Summary of the patients who required reoperation after UCS B1 PFF of transverse/short oblique pattern involving a PTS stem.
| Patient | THA for | Fracture features | Primary PFF surgery | Mode of failure | First reop | Number of reops | Ultimate construct |
|---|---|---|---|---|---|---|---|
| 46F | AVN | Transverse atypical | ORIF plate only (no adjuncts) Not anatomically reduced. No II | NU | Revision fixation to dual plates | 5 | Chronically infected PFR |
| 66F | OA | Transverse atypical | ORIF plate and cable (no adjuncts) Anatomic reduction Intraop II used | NU | 1 component revision: PFR | 3 | PFR plus captive cup after dislocation x2 |
| 88F | Fracture | Transverse atypical | ORIF plate only (no adjuncts) Anatomic reduction No II | Refracture | Revision fixation to long distal locking plate | 3 | Revision fixation for further NU |
| 81F | OA | Transverse atypical | ORIF plate only (no adjuncts) Anatomic reduction No II | NU | 1 component revision: uncemented fluted tapered stem | 2 | rTHA with uncemented fluted taper plus one DAIR |
| 82F | OA | Short oblique | ORIF plate and cable (no adjuncts) Anatomic reduction No II | NU | 2 component revision: PFR with captive cup | 2 | PFR and further acetabular revision for dislocation |
| 84F | OA | Short oblique | ORIF plate and cable (no adjuncts) Anatomic reduction No II | Inadequate fixation | Revision fixation with bone graft | 1 | |
| 72M | OA | Short oblique | ORIF plate and cable (no adjuncts) Anatomic reduction No II | Infection | Excision arthroplasty | 1 | |
| 75M | OA | Short oblique | ORIF plate and cable (no adjuncts) Anatomic reduction No II | NU | 1 component revision: uncemented fluted tapered stem plus strut graft | 1 | |
| 44F | OA | Transverse atypical | 2 component revision: uncemented fluted taper stem plus cemented cup | Infection | DAIR at 6 years | 2 | Acetabular revision for loosening at 11 years |
| 83M | OA | Short oblique | 1 component revision: C-in-C stem revision plus fixation with plate and cables | NU | 2 component revision: PFR with captive cup | 1 |
AVN, avascular necrosis; NU, nonunion; OA, osteoarthritis; PFR, proximal femoral replacement: no adjuncts; no additional plate or strut graft were utilized in the procedure.

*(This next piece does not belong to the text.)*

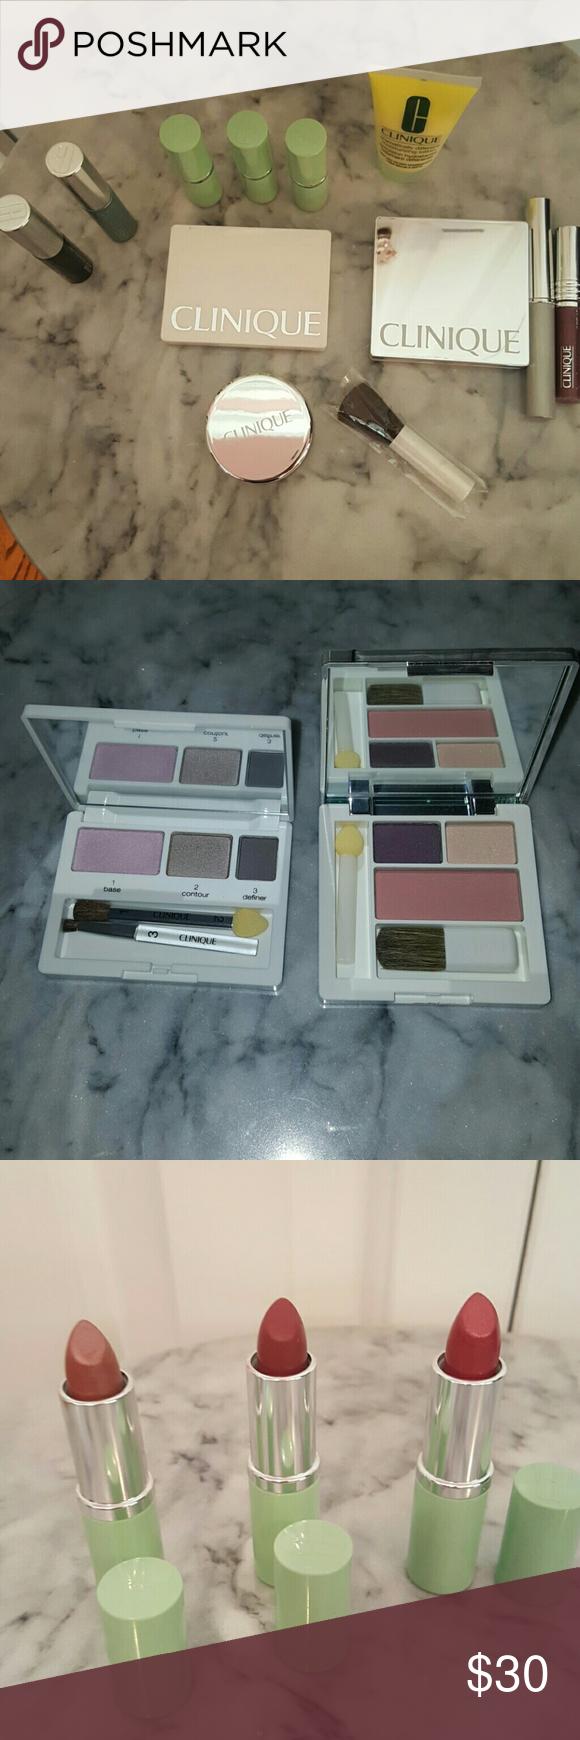 Clinique Bundle Sephora makeup, Clinique, Lip colors

Those in italics were primarily treated with revision THA.
Figure 3.
Kaplan–Meier survivorship of surgically managed transverse/oblique periprosthetic fractures for the endpoint reoperation.

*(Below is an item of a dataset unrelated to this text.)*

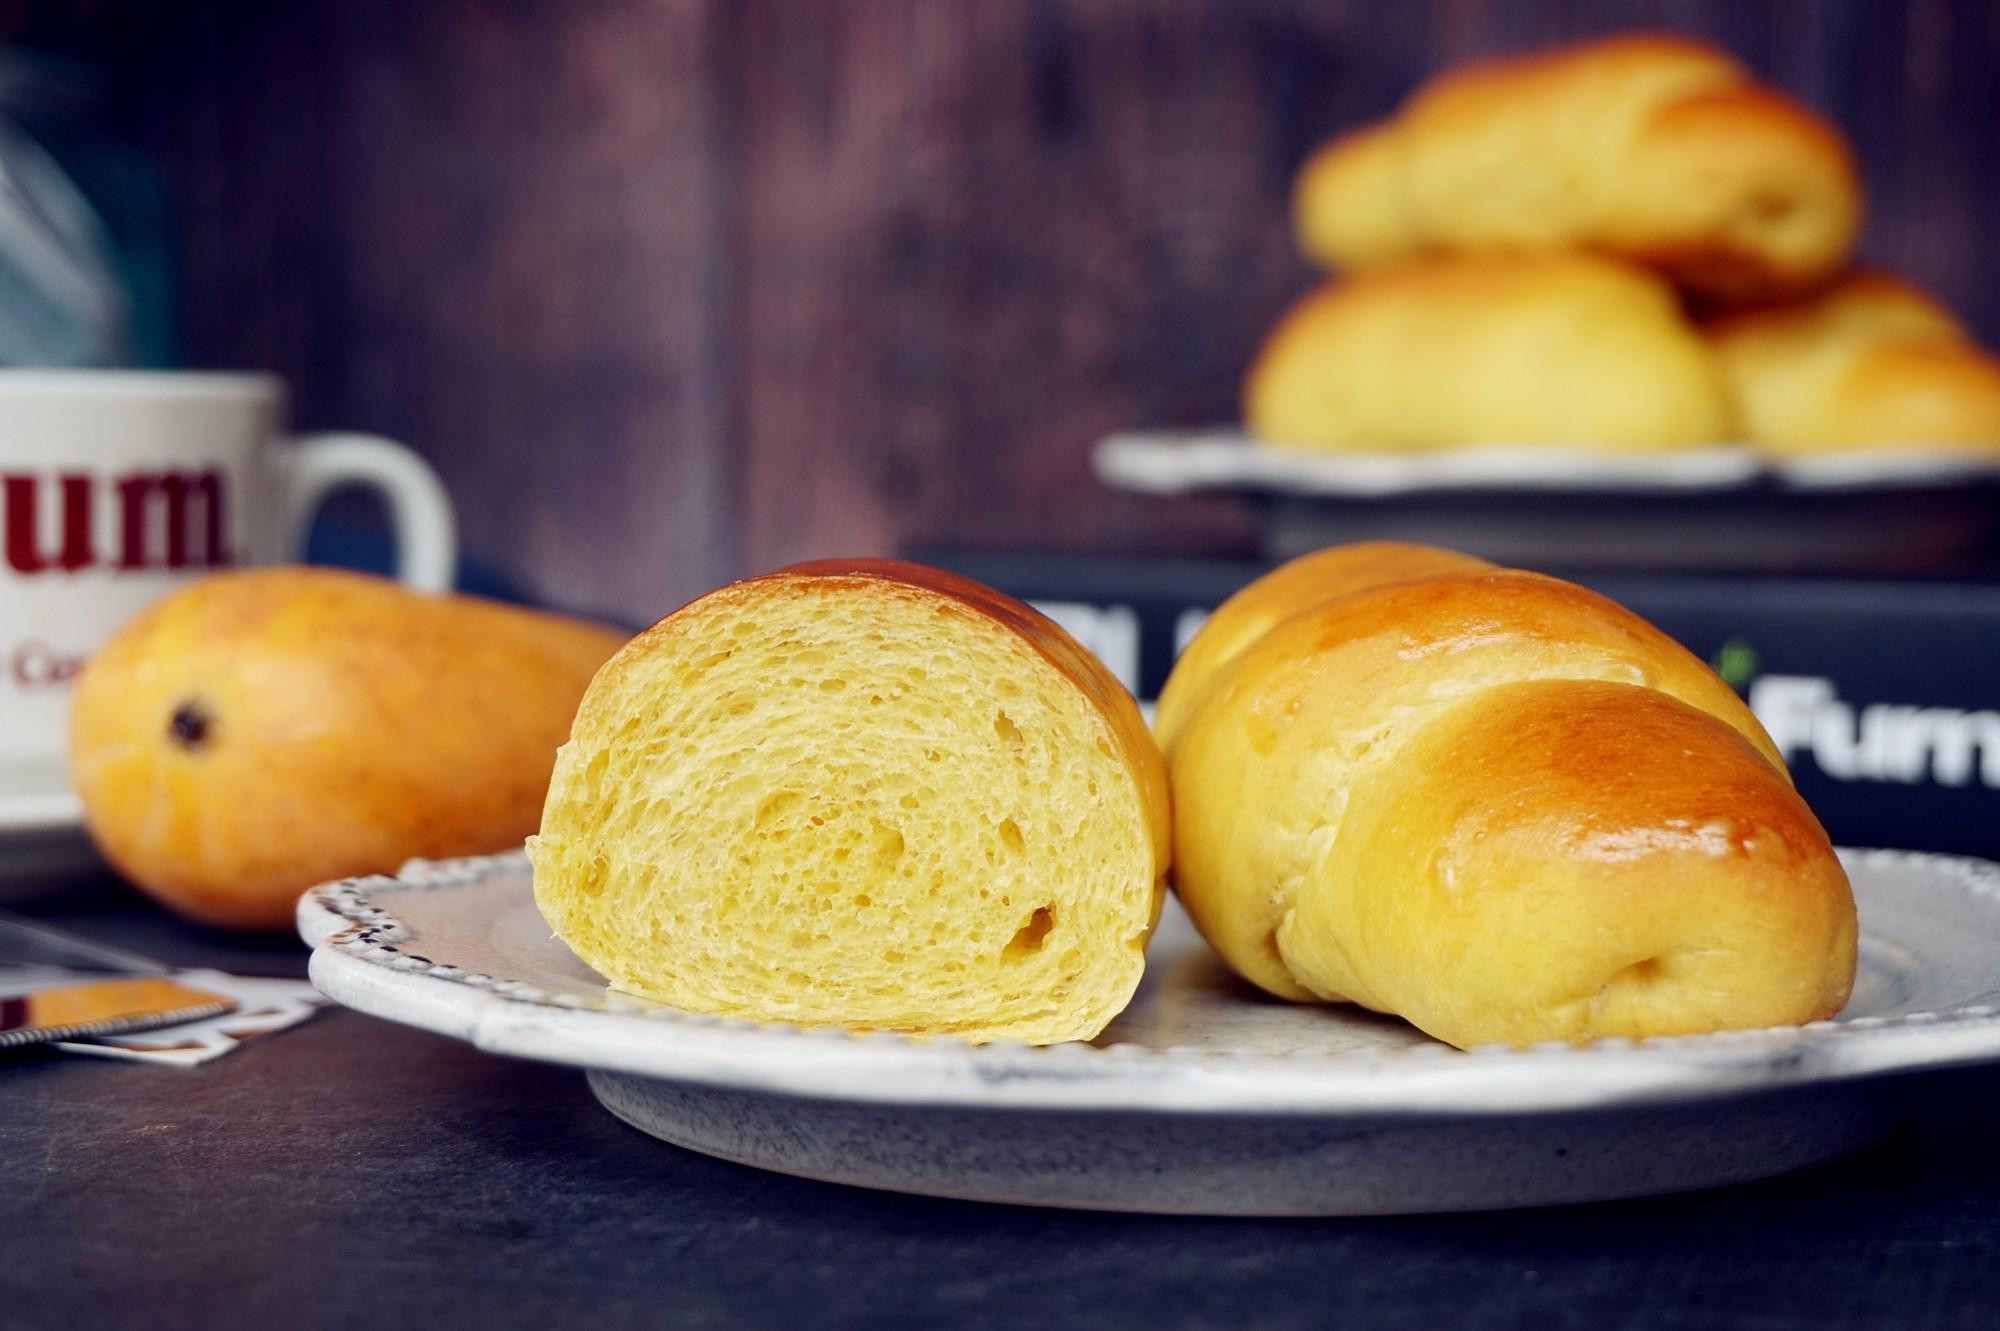 Bánh mì xoài mềm ngọt thơm lừng - Ảnh 6.

There was no difference in survival free from reoperation between patients managed initially with ORIF or rTHA (Log rank 0.898). Details of the patients who underwent a revision (r) THA as initial management for their PFF are detailed in Table 2.
Table 2.
Summary of the patients who underwent rTHA stem revisions for PFF treatment.
| Patient case | THA for | PFF | Surgical intervention |
|---|---|---|---|
| 44F | OA | Transverse | 2 component revision: |
| Uncemented fluted tapered stem plus cemented cup | |||
| 83M | OA | Short oblique | 1 component revision: |
| C-in-C femur with cable and plate to fracture | |||
| 75F | rTHA | Short oblique | 1 component revision: |
| Uncemented fluted tapered stem plus cables. | |||
| 88F | OA | Transverse | 2 components revision: |
| PFR plus Constrained cup |
Multiple reoperations were required in 6/10 patients. Of the 8 failures of fixation, 3 underwent refixation of whom 2 went on to unite (though one refractured). The relative risk of requiring multiple reoperations following initial ORIF was 1.2 (95% CI 0.17 -8.5) compared to those who had undergone rTHA. Five of 27 (19%) patients initially managed with fixation ended up requiring rTHA all for non-union and fixation failure. Figure 2 displays clinical radiographs of a patient included in the study cohort, who sustained non-union and required an rTHA. Ultimately, 4 of the cohort (13%) required proximal formal replacement, 3 required uncemented fluted tapered stems (10%), and 3 had femoral strut grafts (10%).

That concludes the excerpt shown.